After examining the characteristics of decision boundaries for Logistic Regression, K-NN, and RandomForst, and Exploring the distribution of the data, I finally chose to use the RandomForest Classification Model. This model can divided into different ‘rectangular-like’ modules, in my model, the decision boundaries are some cuboids as I have three features.
I made a new pipeline, using RandomForest Classifier, and then using Cross-Validation to determine four hyperparameters by finding the highest macro F1-score: max_depth
, min_samples_split
, criterion
, and n_estimators
.
The result of Cross-Validation is:
max_depth
: 18min_samples_split
: 10criterion
: ‘entropy’n_estimators
: 60
The macro average of accuracy, precision, recall, and F1-score are:
Accuracy | 0.9168 |
Precision | 0.92 |
Recall | 0.92 |
F1-score | 0.92 |
The resulting confusion matrix for the multinomial logistic regression model is shown below.
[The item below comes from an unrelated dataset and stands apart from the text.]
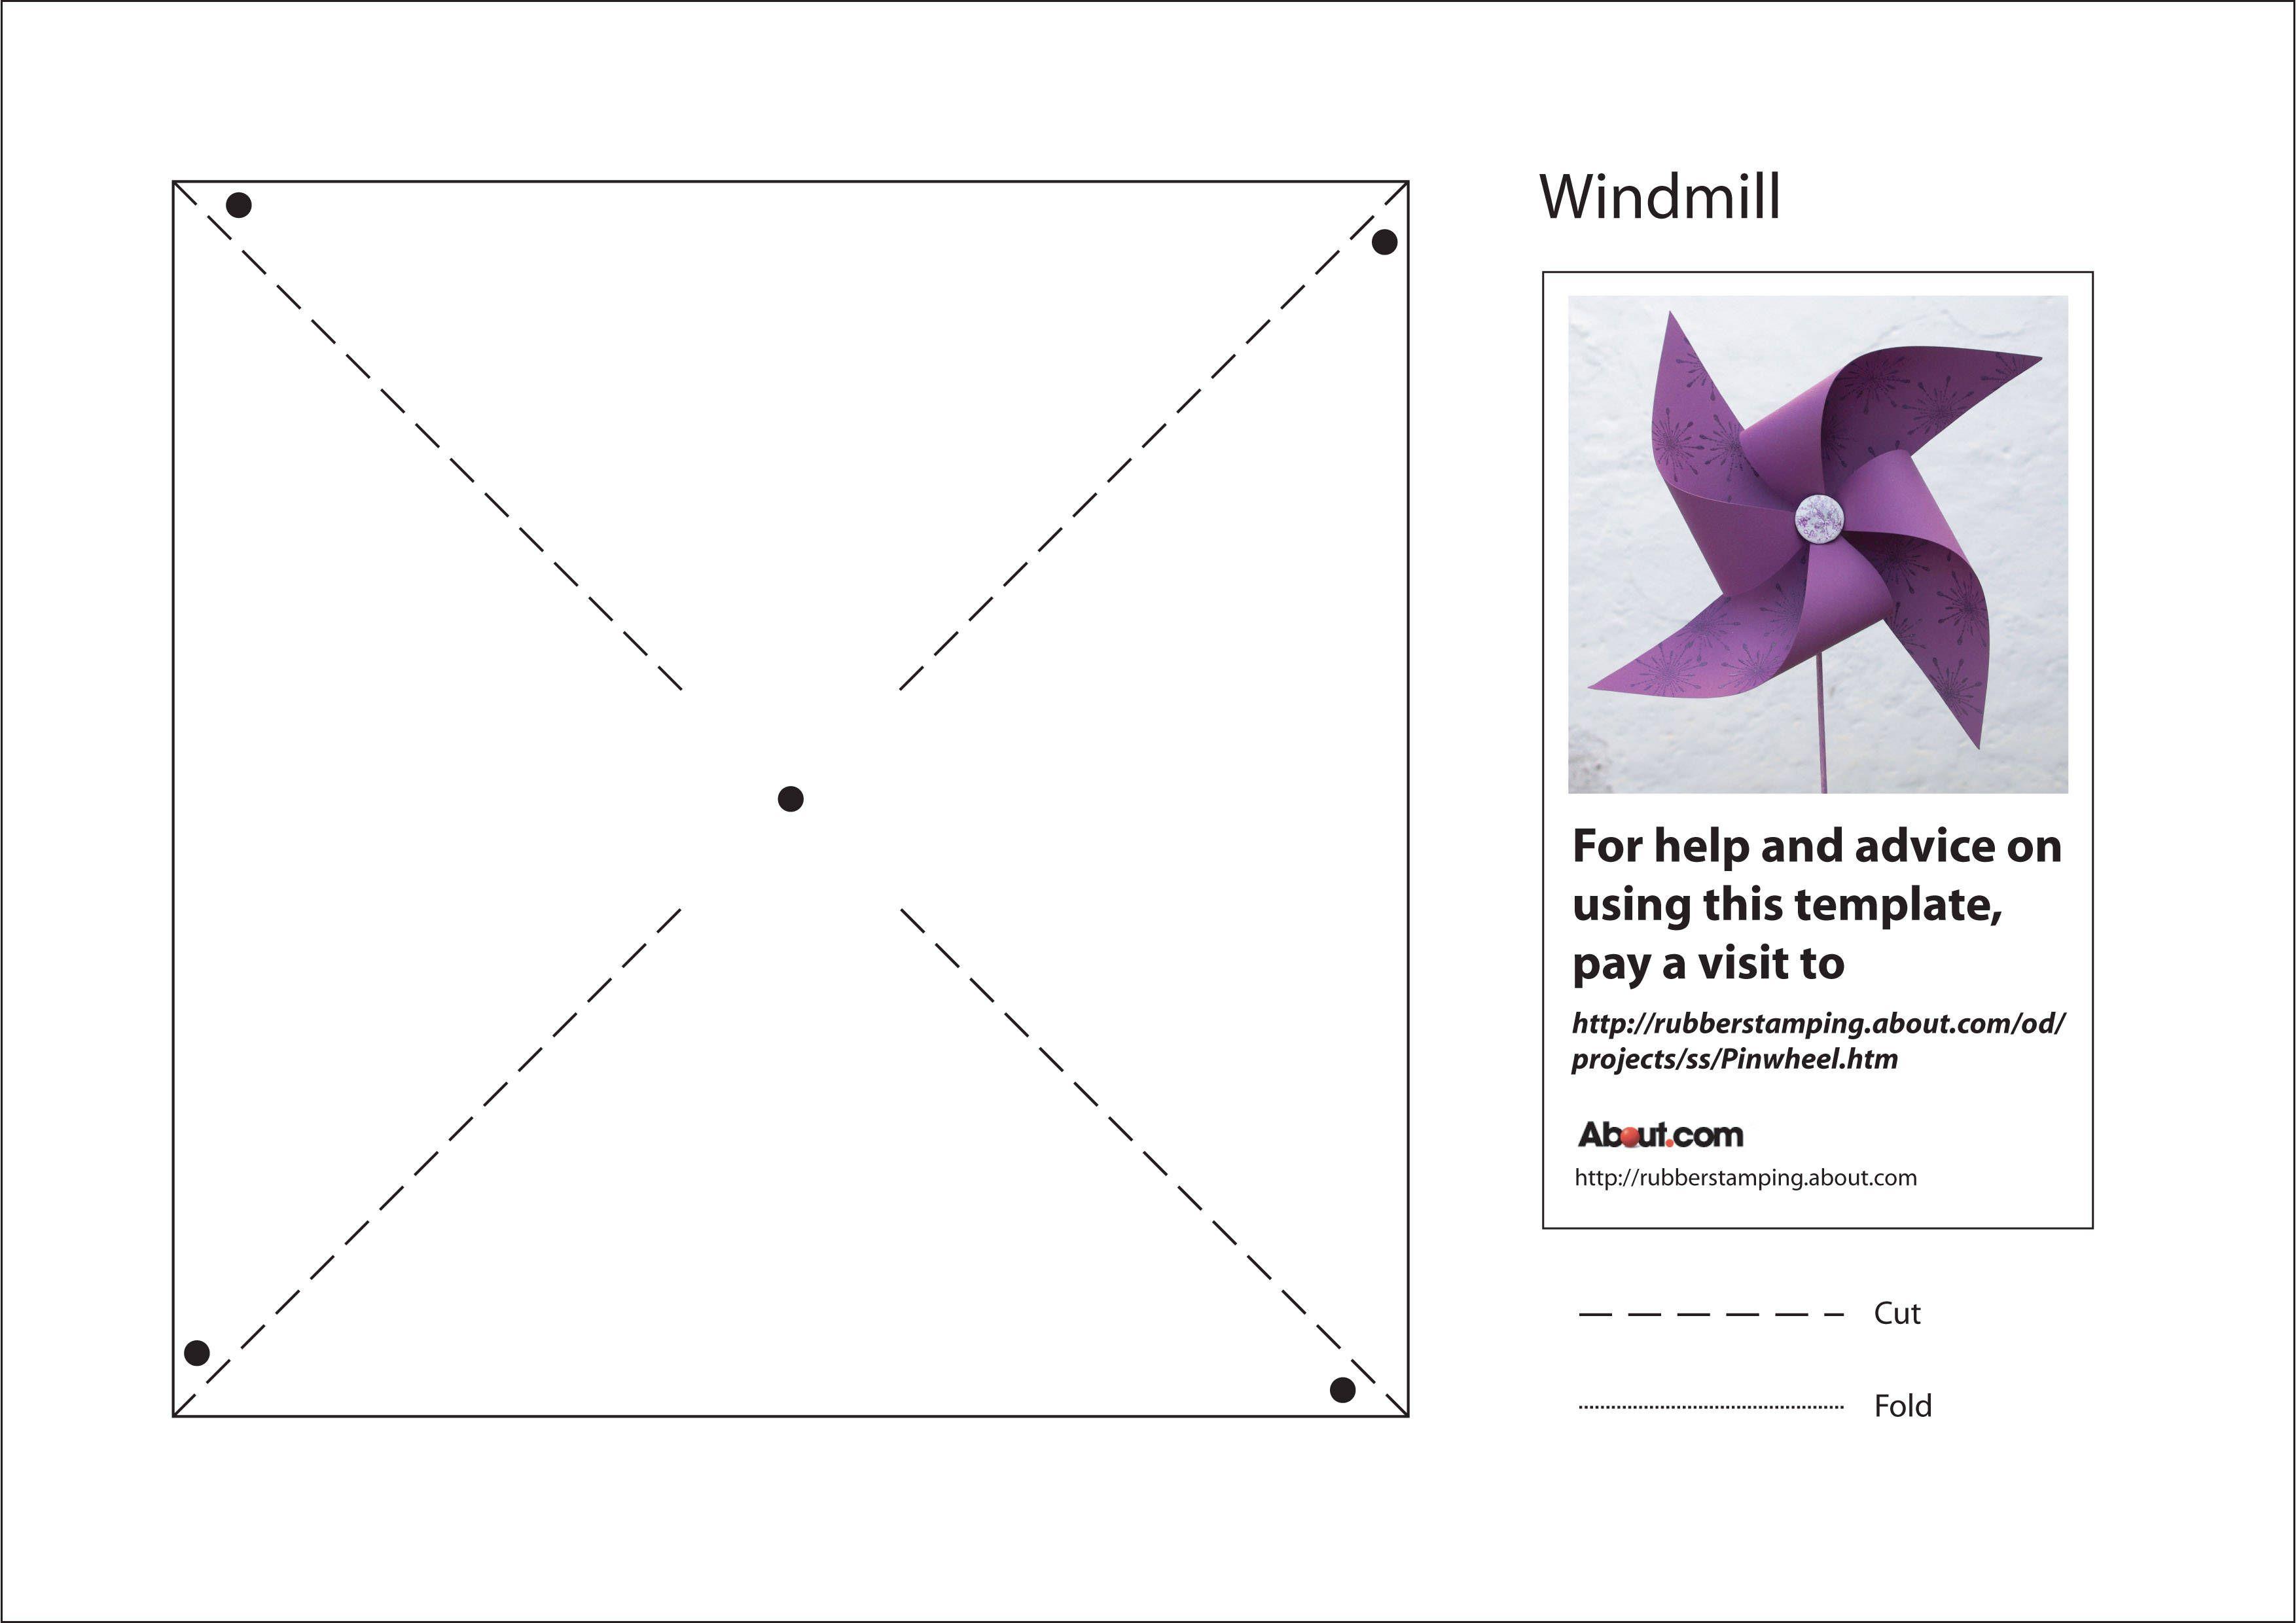 Making A Simple Diy Paper Pinwheel

Compared to my baseline model, the overall performance improved from 75% to over 90%, which is a huge improvement.
RandomForest can divide the feature space into different ‘rectangular-like’ regions, so it is more flexible than Logistic Regression. I also used Cross-Validation to find the best hyperparameters of the RandomForest Classification Model, which also allowed my final model to perform better than the baseline model’s prediction.